Caffeine, by non-selectively inhibiting phosphodiesterase, increases intracellular concentrations of cAMP in skeletal muscle and adipose tissue [61] (Figure 1). Indeed, caffeine was the first phosphodiesterase inhibitor identified, and the first enzymatic effect of caffeine to be defined. An increase in cAMP leads to a rise in blood catecholamine and release of free fatty acid and glycerol from the adipose tissue by activating lipases [62]. Caffeine inhibition of phosphodiesterase requires higher concentrations (100–1000 µM) than that of its interaction with the adenosine receptors (10–100 µM) [63]. Adenosine receptor blockade results in positive inotropy and chronotrophy in the heart from heightened β1-receptor activity; with an increase in AV conduction velocities and heart rate predisposing to tachycardia and arrhythmias.

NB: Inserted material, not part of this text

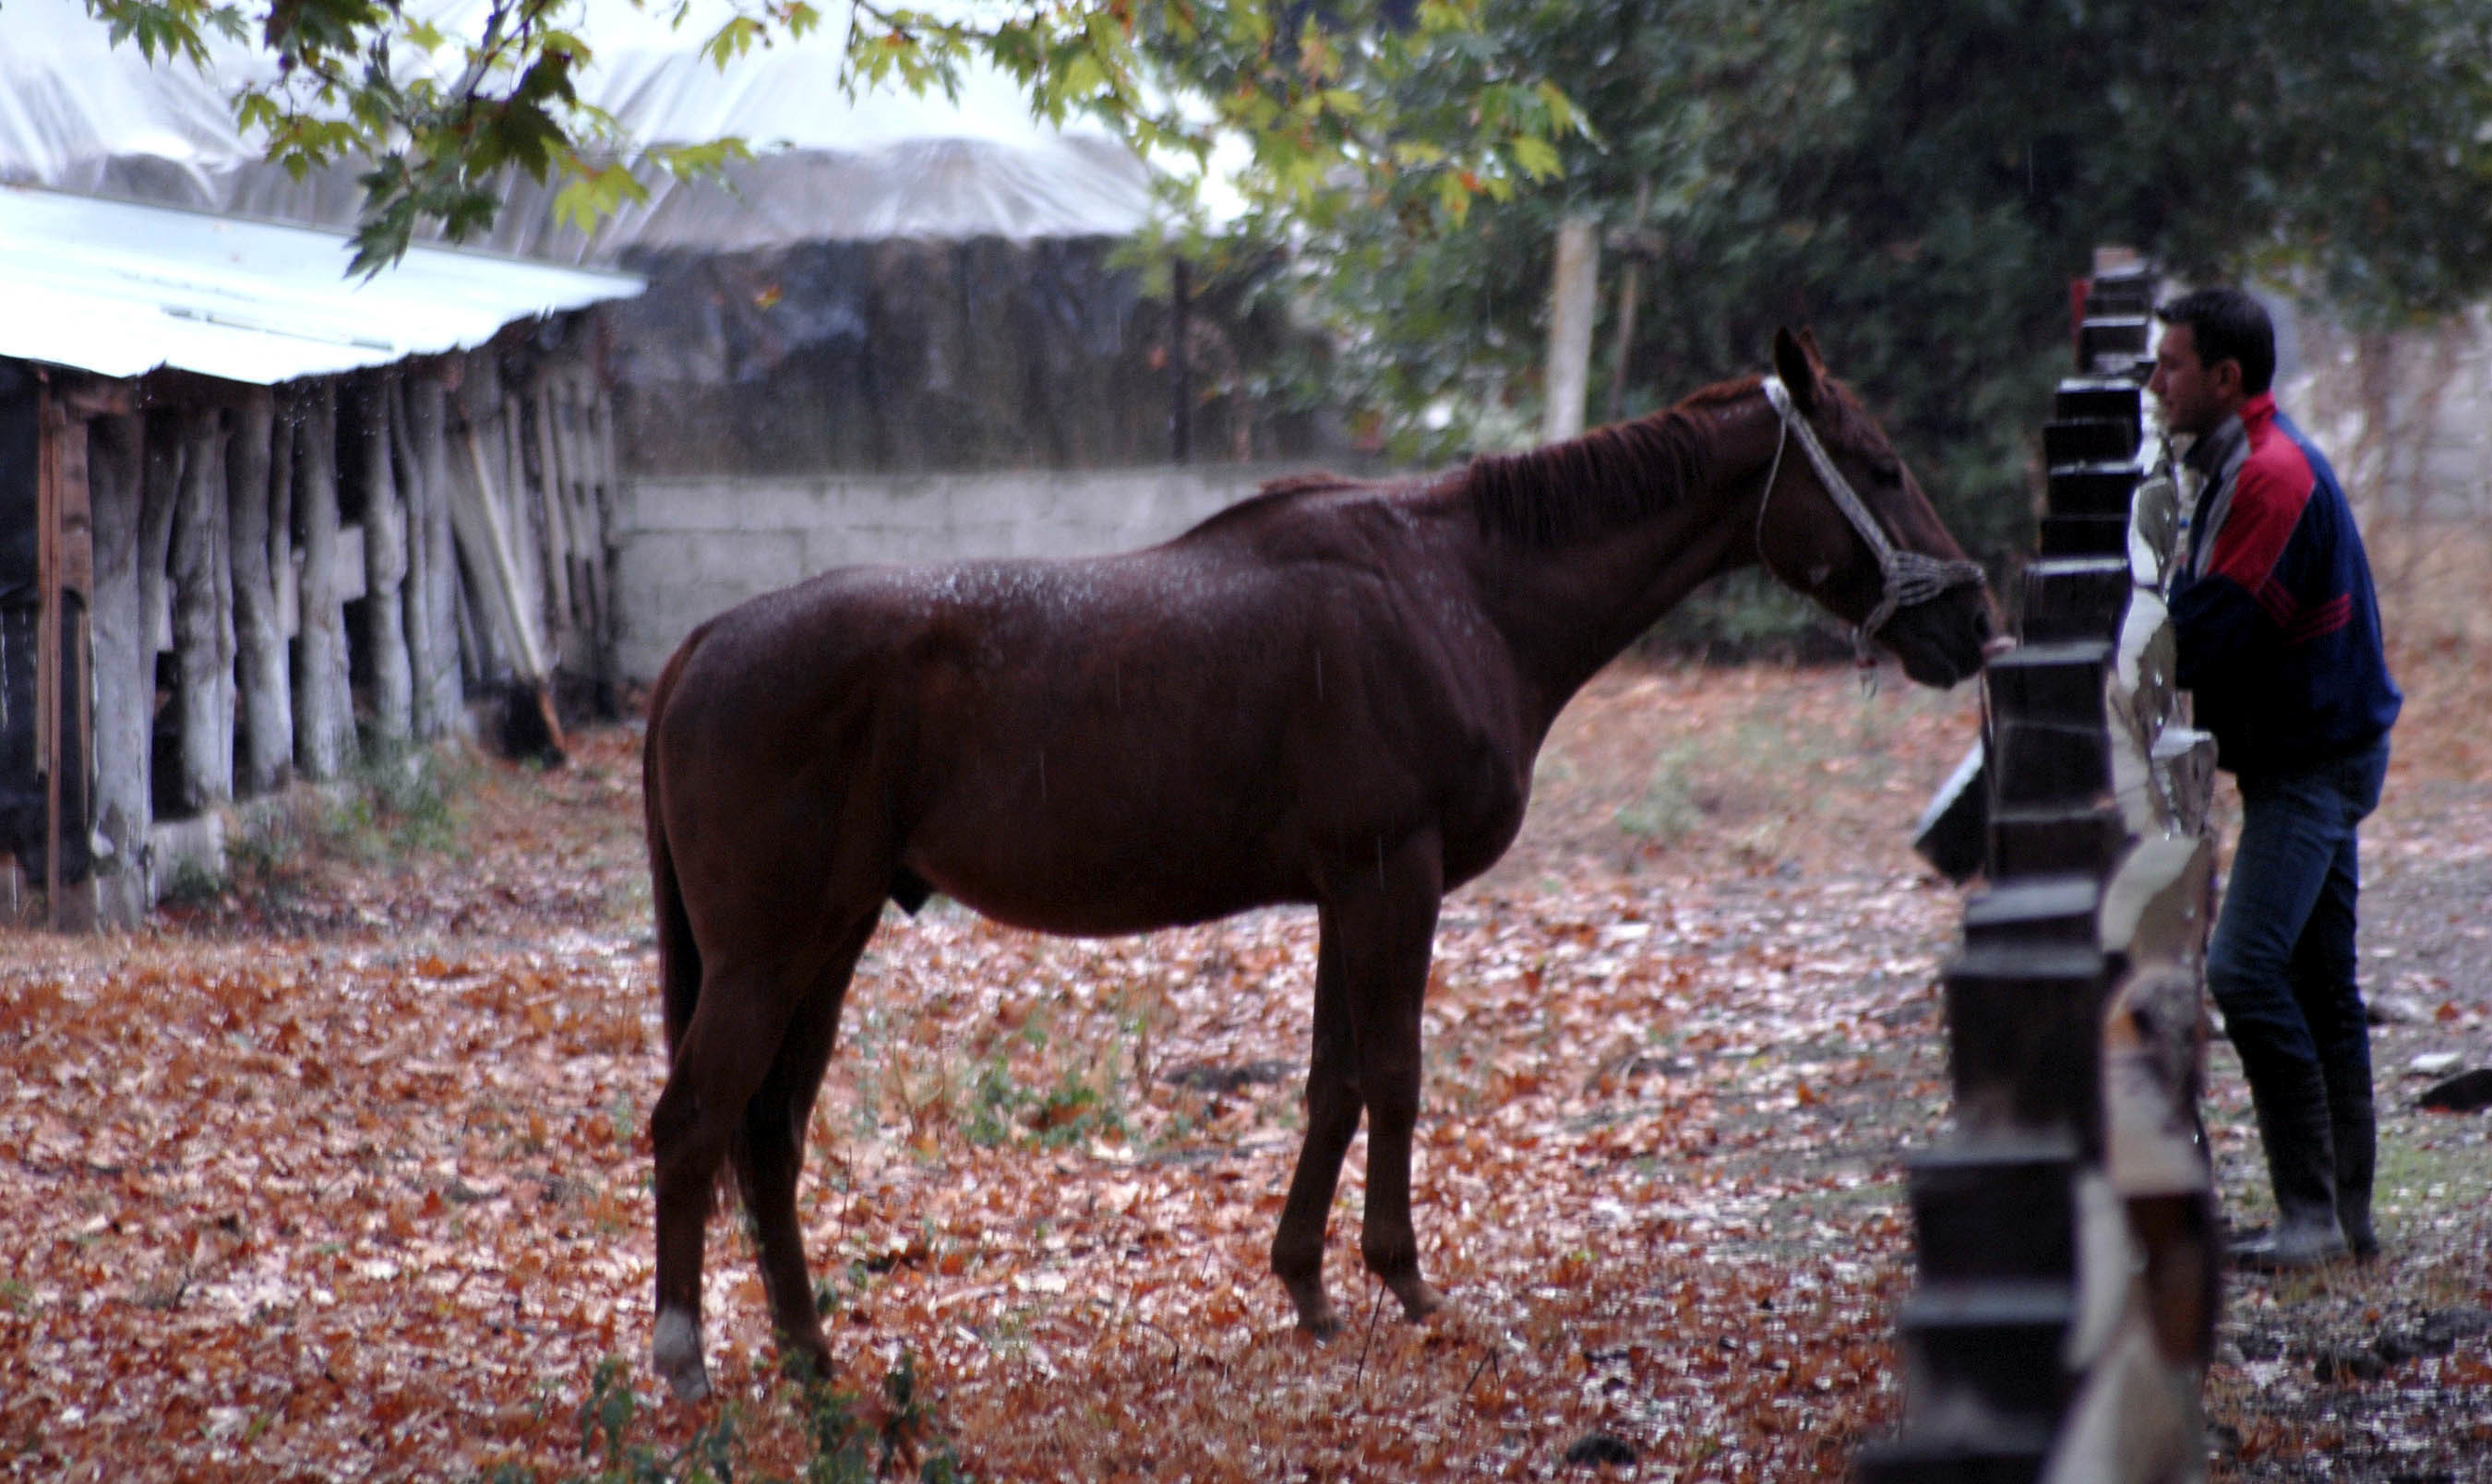 Έκαναν ευθανασία στο άλογο για να γλιτώσει από τους πόνους - ΦΩΤΟ EUROKINISSI

Electron spin resonance spectroscopic measurements indicate that a caffeine-derived oxygen-centered radical is formed when caffeine reacts with a hydroxyl radical (•OH), which explains the anticarcinogenic properties of caffeine and related methylxanthine compounds [64]. Caffeine inhibits lipid peroxidation and oxidative damage from reactive oxygen species [65]. In newborn rats exposed to hyperoxia, pretreatment with caffeine reduced oxidative stress, promoted anti-oxidant responses, down-regulated pro-inflammatory cytokines, modulated the expression of redox-sensitive transcription factor, reduced pro-apoptotic effectors, and diminished extracellular matrix generation [66]. Along with its ability to scavenge free radicals, caffeine is uniquely positioned to protect the developing brain, and some of these actions are mediated by the adenosine receptors [67,68].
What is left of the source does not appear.